#### GIVEN INFORMATION:
'''

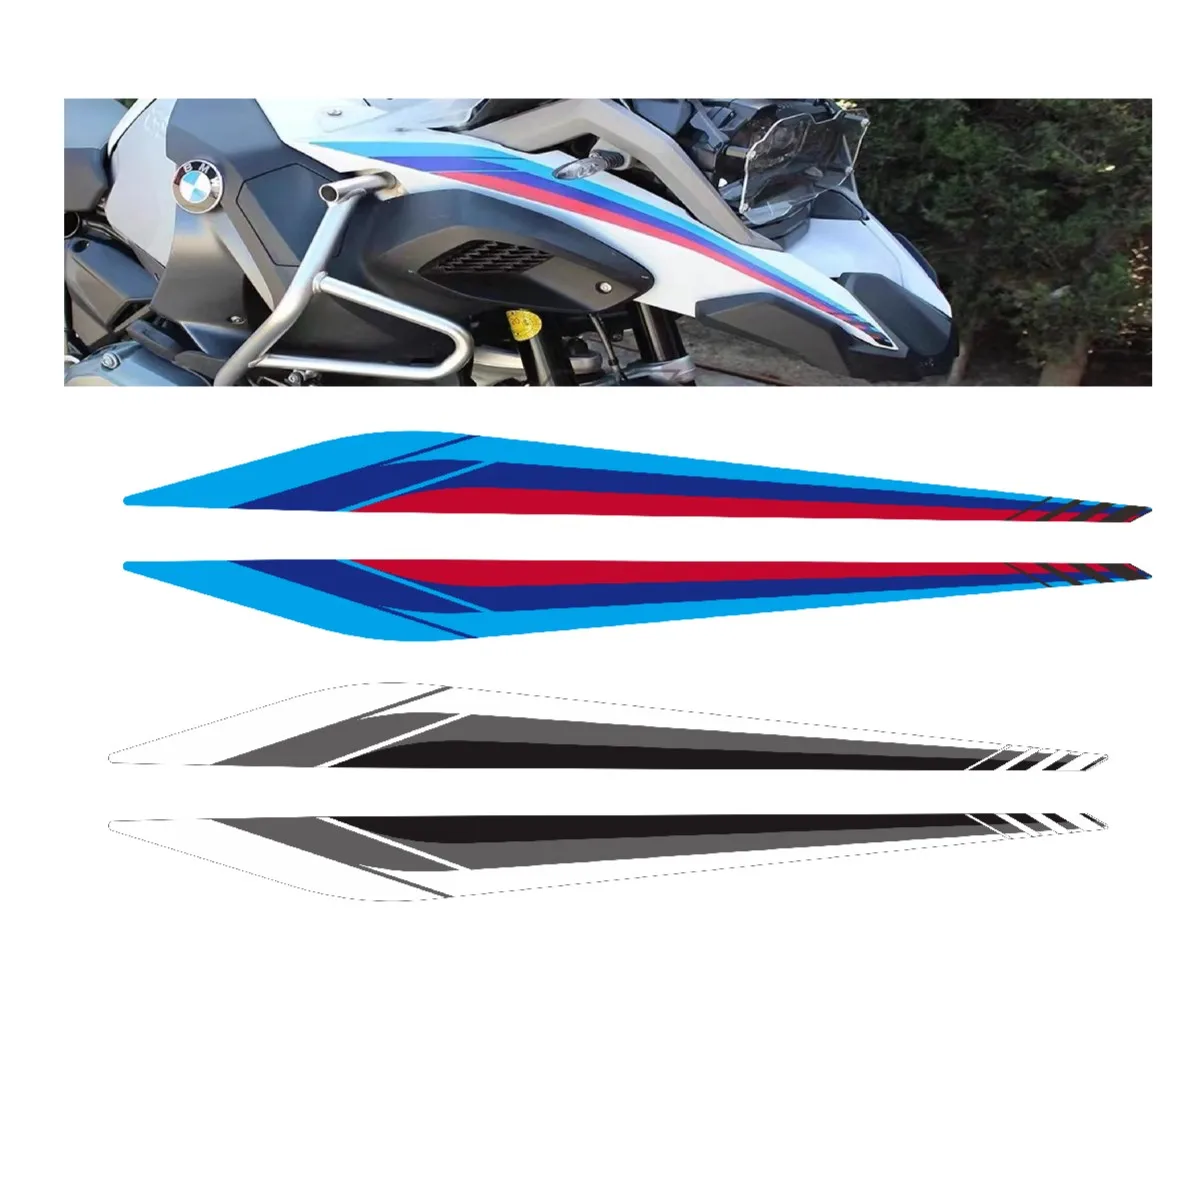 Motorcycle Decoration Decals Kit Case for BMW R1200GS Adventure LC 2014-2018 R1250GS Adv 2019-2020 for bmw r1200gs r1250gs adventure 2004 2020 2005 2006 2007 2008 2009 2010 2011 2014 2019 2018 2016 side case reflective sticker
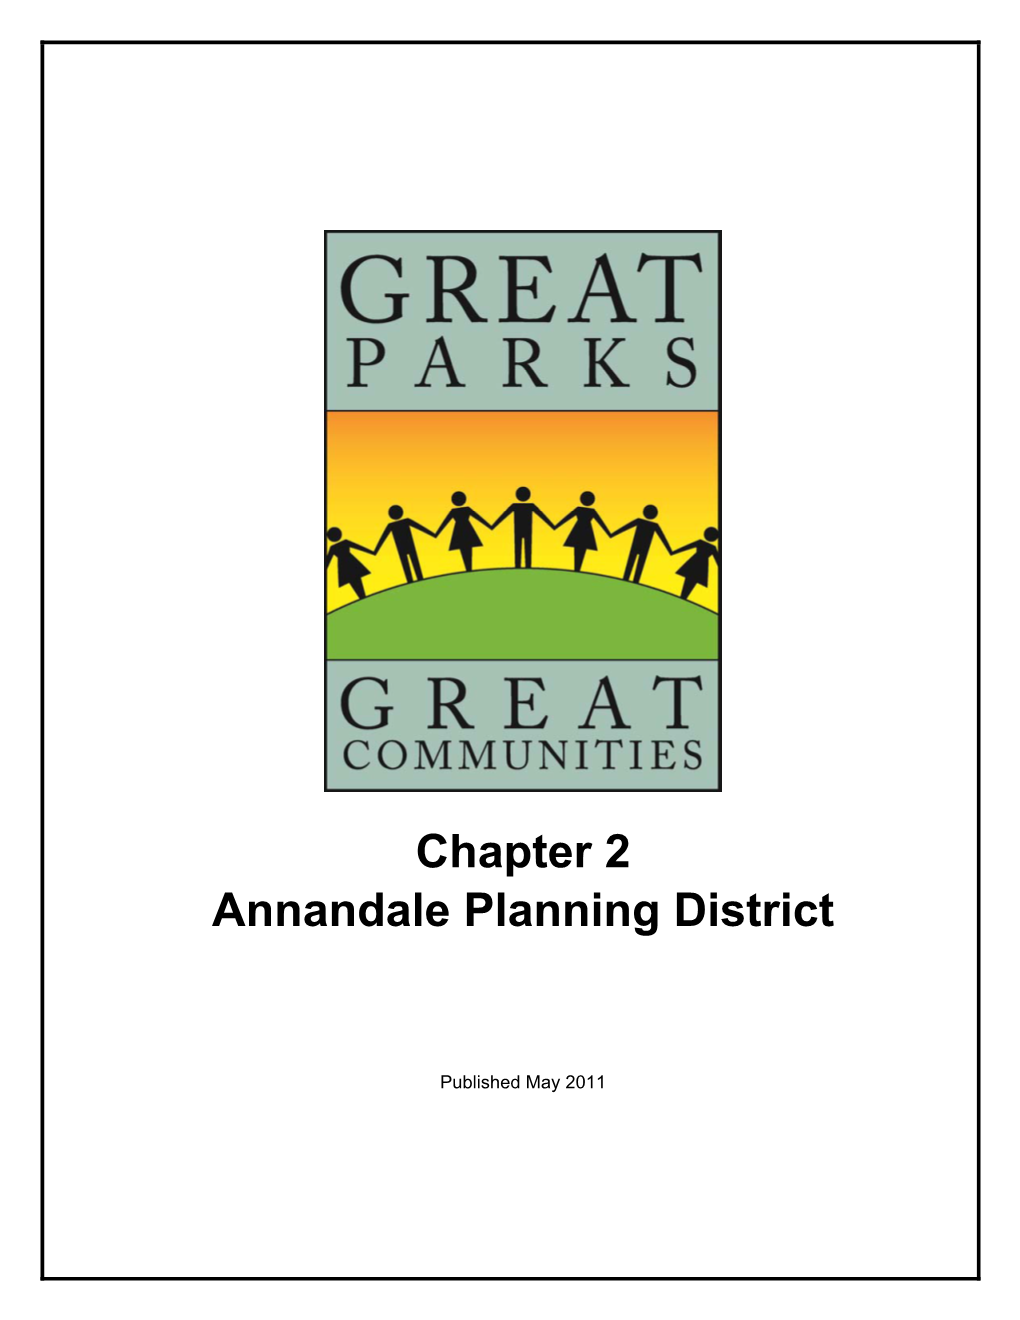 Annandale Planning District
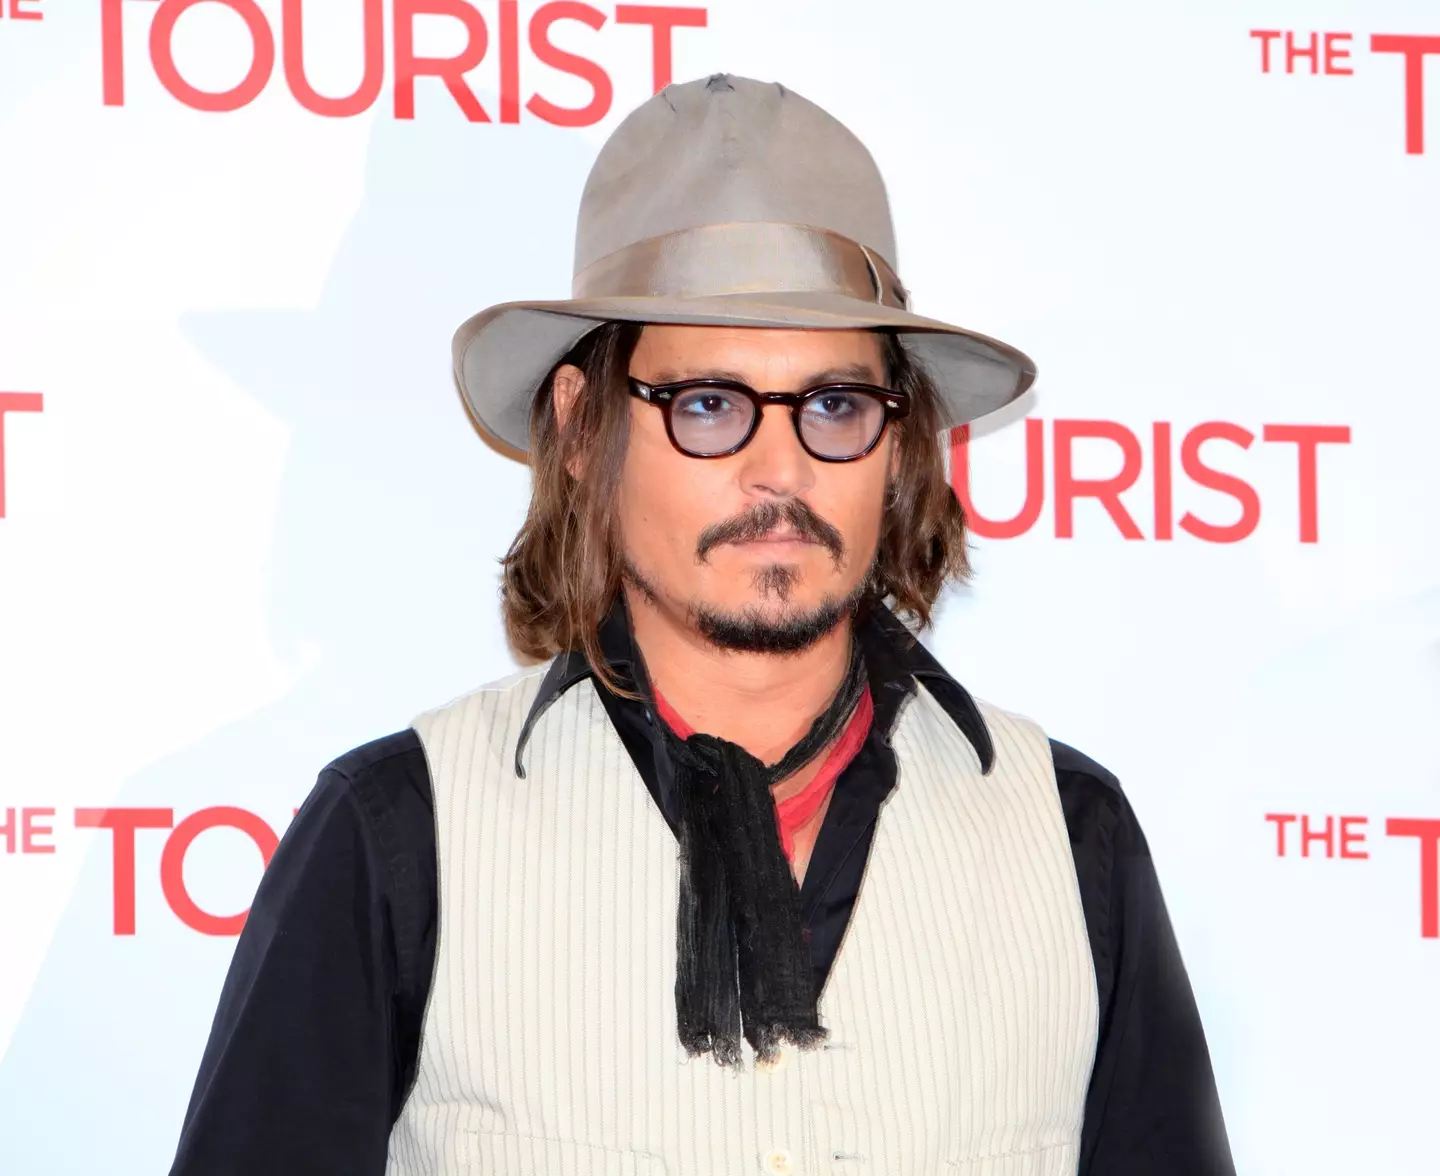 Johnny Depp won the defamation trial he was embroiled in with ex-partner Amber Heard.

'''

#### DIRECTIONS:
Please restate the material word for word; the pictures stay out.

#### OUTPUT:
 Motorcycle Decoration Decals Kit Case for BMW R1200GS Adventure LC 2014-2018 R1250GS Adv 2019-2020 for bmw r1200gs r1250gs adventure 2004 2020 2005 2006 2007 2008 2009 2010 2011 2014 2019 2018 2016 side case reflective sticker
 Annandale Planning District
 Johnny Depp won the defamation trial he was embroiled in with ex-partner Amber Heard.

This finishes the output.